Just so everyone remembers down in Cork and out lying areas the people who have worked through the night to rescue others and who have been digging and all sorts have been from the public service.

Fair play to them


----------



## DB74 (20 Nov 2009)

Fair play to them for *doing the job they are paid to do*

Hopefully there will be no floods on the 24-Nov then eh?


----------



## Complainer (20 Nov 2009)

DB74 said:


> Fair play to them for *doing the job they are paid to do*
> 
> Hopefully there will be no floods on the 24-Nov then eh?


[broken link removed]


----------



## S.L.F (25 Nov 2009)

Originally posted by Purple here



  From Ronan Lyons we get this graph










Purple said:


> the fact remains that the public sector benefited most from the boom (the pay gap has increased considerably between public and private sector over the last 10 years) and, along with social welfare, are the biggest areas of public spending so they have to be targeted for major cuts.


 


Purple said:


> The public sector has, in broad terms, benefitted from the boom far more than the private sector


 
Hi Purple I have had a good look at the figures which are quoted in the CSO report and they don't confirm your theory.

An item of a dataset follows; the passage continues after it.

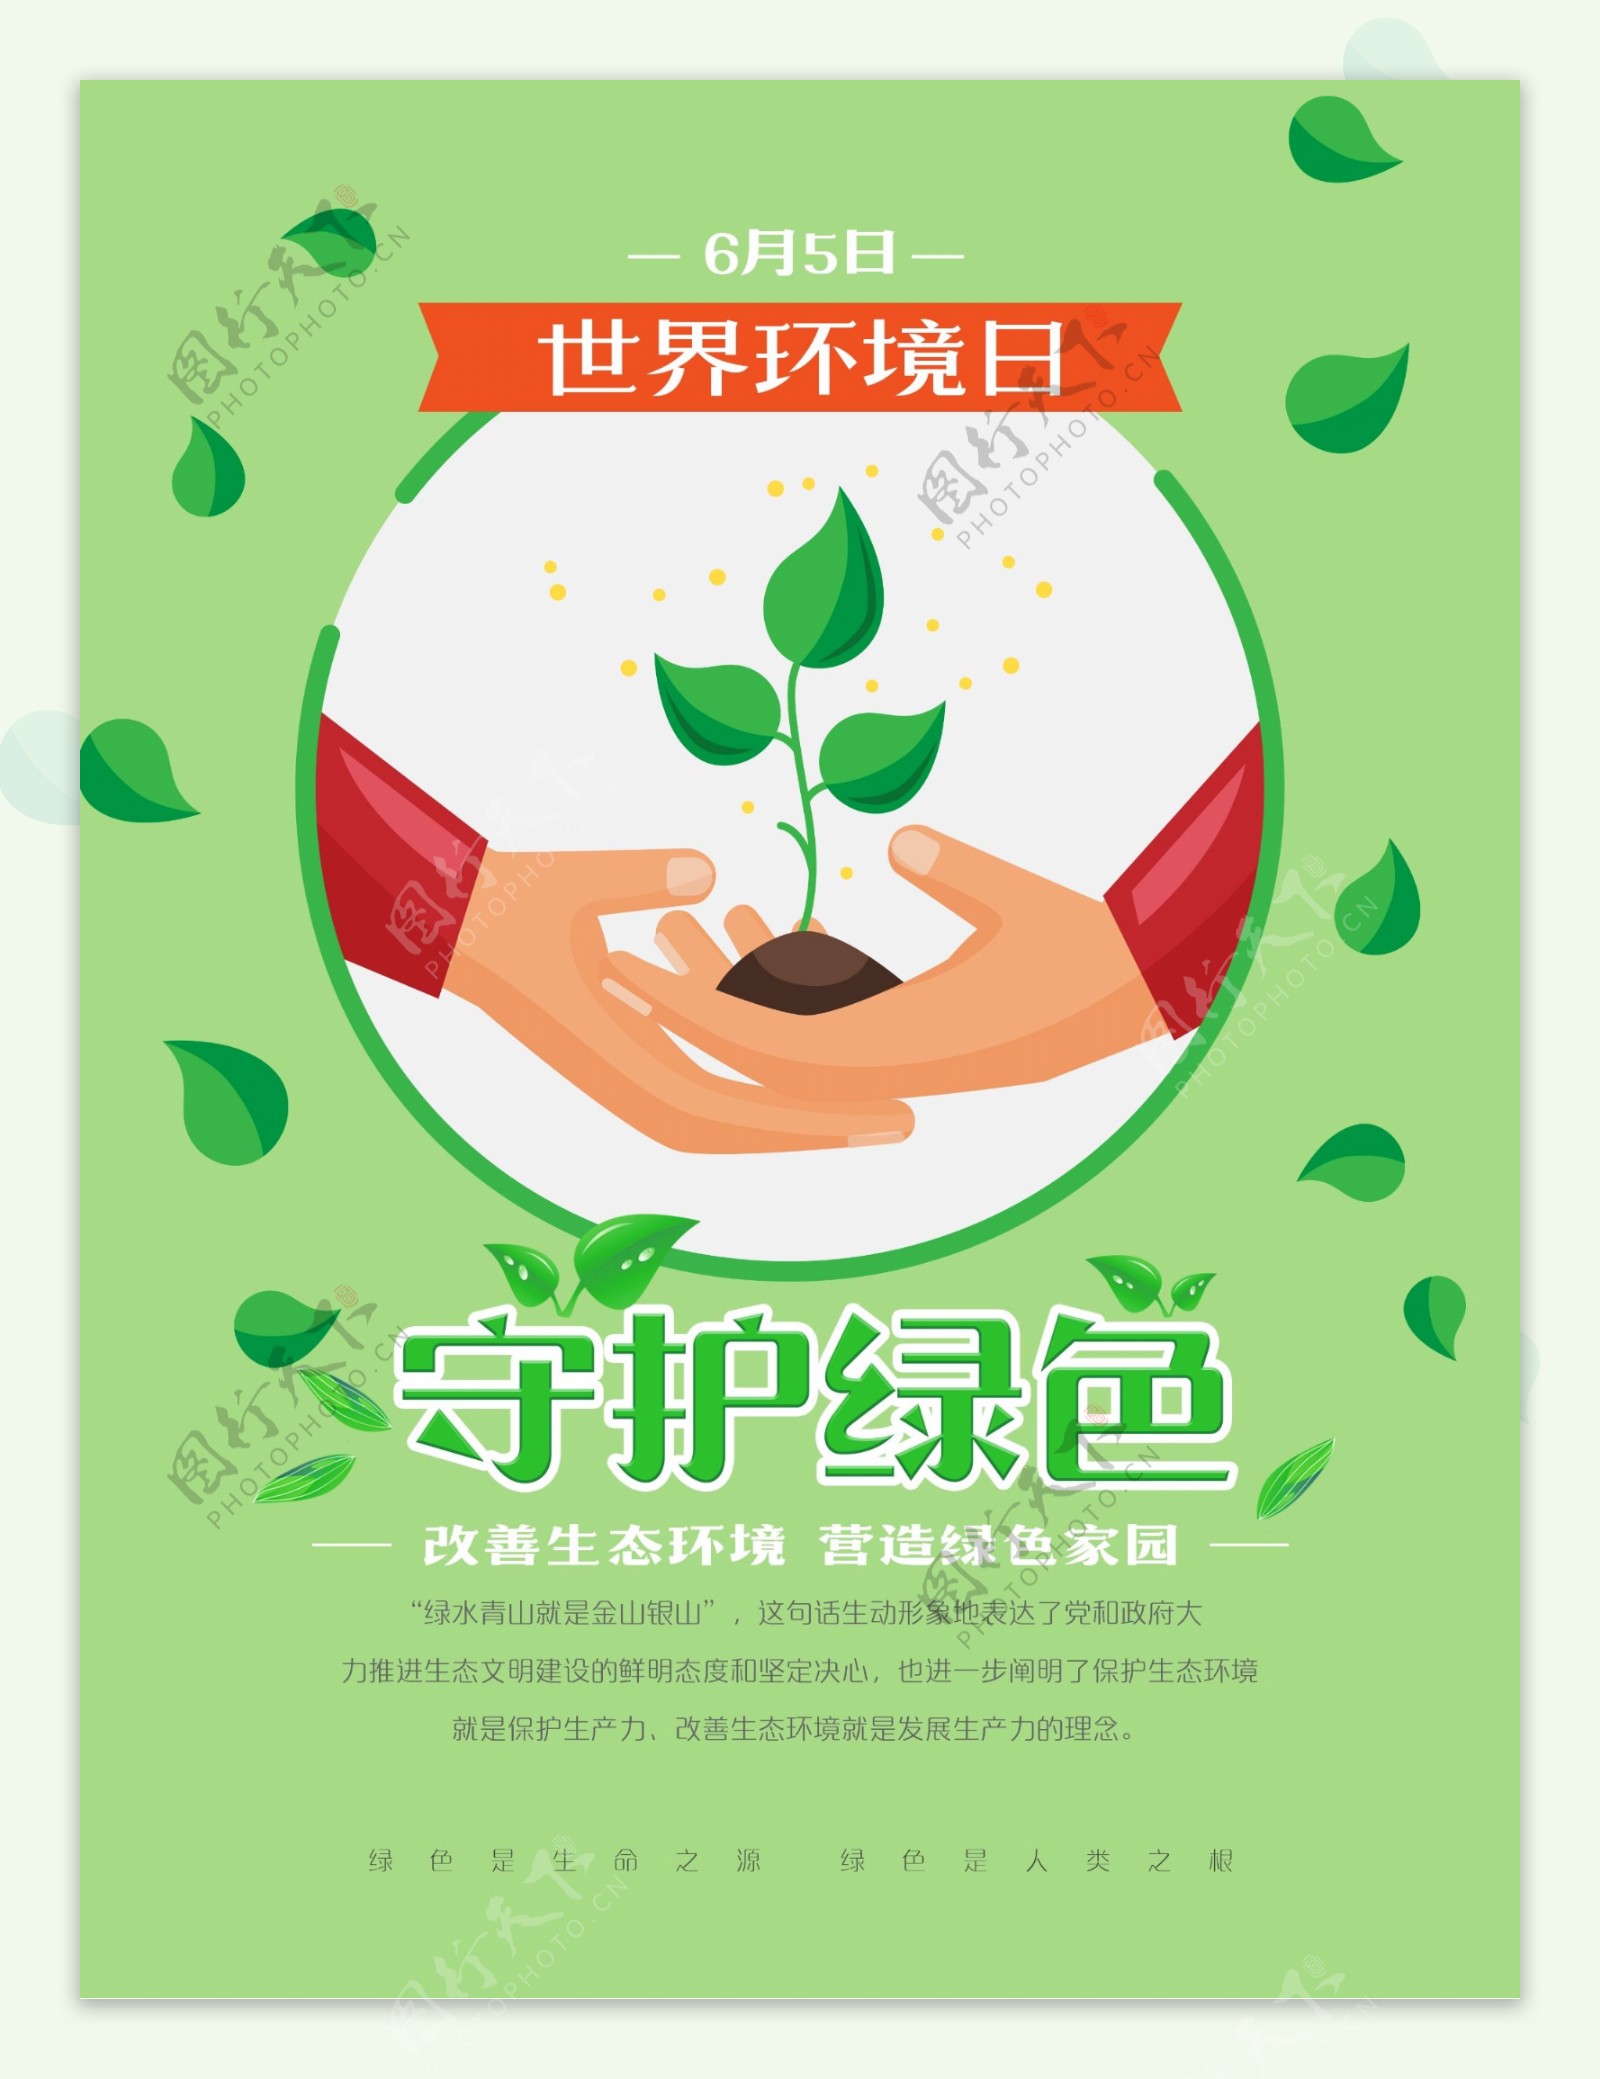 世界环境日守护绿色环保宣传海报

1998 Private sector pay was 74% of Public sector pay
1999 Private sector pay was 75% of Public sector pay
2000 Private sector pay was 77.9% of Public sector pay
2001 Private sector pay was 77.4% of Public sector pay
2002 Private sector pay was 77.8% of Public sector pay
2003 Private sector pay was 79% of Public sector pay
2004 Private sector pay was 77% of Public sector pay
2005 Private sector pay was 77% of Public sector pay
2006 Private sector pay was 77.24% of Public sector pay
2007 Private sector pay was 77.18% of Public sector pay
2008 Private sector pay was 77% of Public sector pay
These figures don't include the pension levy which is a pay cut so the gap has narrowed even further to being 83%.

The thing most people don't consider when talking about the public and civil service is that it has far more professionals in it than the private service.

For example how do you compare the likes of architects, engineers, solicitors, librarians, historians, veterinarians, art experts, nurses, doctors, teachers with the likes of tool makers, barmen, waitresses, hairdressers, florists, mechainics, builders, carpenters.


----------



## Sunny (25 Nov 2009)

S.L.F said:


> The thing most people don't consider when talking about the public and civil service is that it has far more professionals in it than the private service.
> 
> For example how do you compare the likes of architects, engineers, solicitors, librarians, historians, veterinarians, art experts, nurses, doctors, teachers with the likes of tool makers, barmen, waitresses, hairdressers, florists, mechainics, builders, carpenters.


 
Actually most reports including the recent one by the ESRI do take into account professional qualifications in the public sector. There didn't seem to any problem comparing these jobs when it came to benchmarking. Nobody attempts to compare a nurse with a barman.


----------



## Sunny (25 Nov 2009)

Post in error


----------



## S.L.F (25 Nov 2009)

Sunny said:


> Actually most reports including the recent one by the ESRI do take into account professional qualifications in the public sector. There didn't seem to any problem comparing these jobs when it came to benchmarking. Nobody attempts to compare a nurse with a barman.


 
That graph came from the CSO not the flawed ESRI report.

People on this forum have been saying that the gap between the public and private sectors has widened and I believe this graph proves otherwise.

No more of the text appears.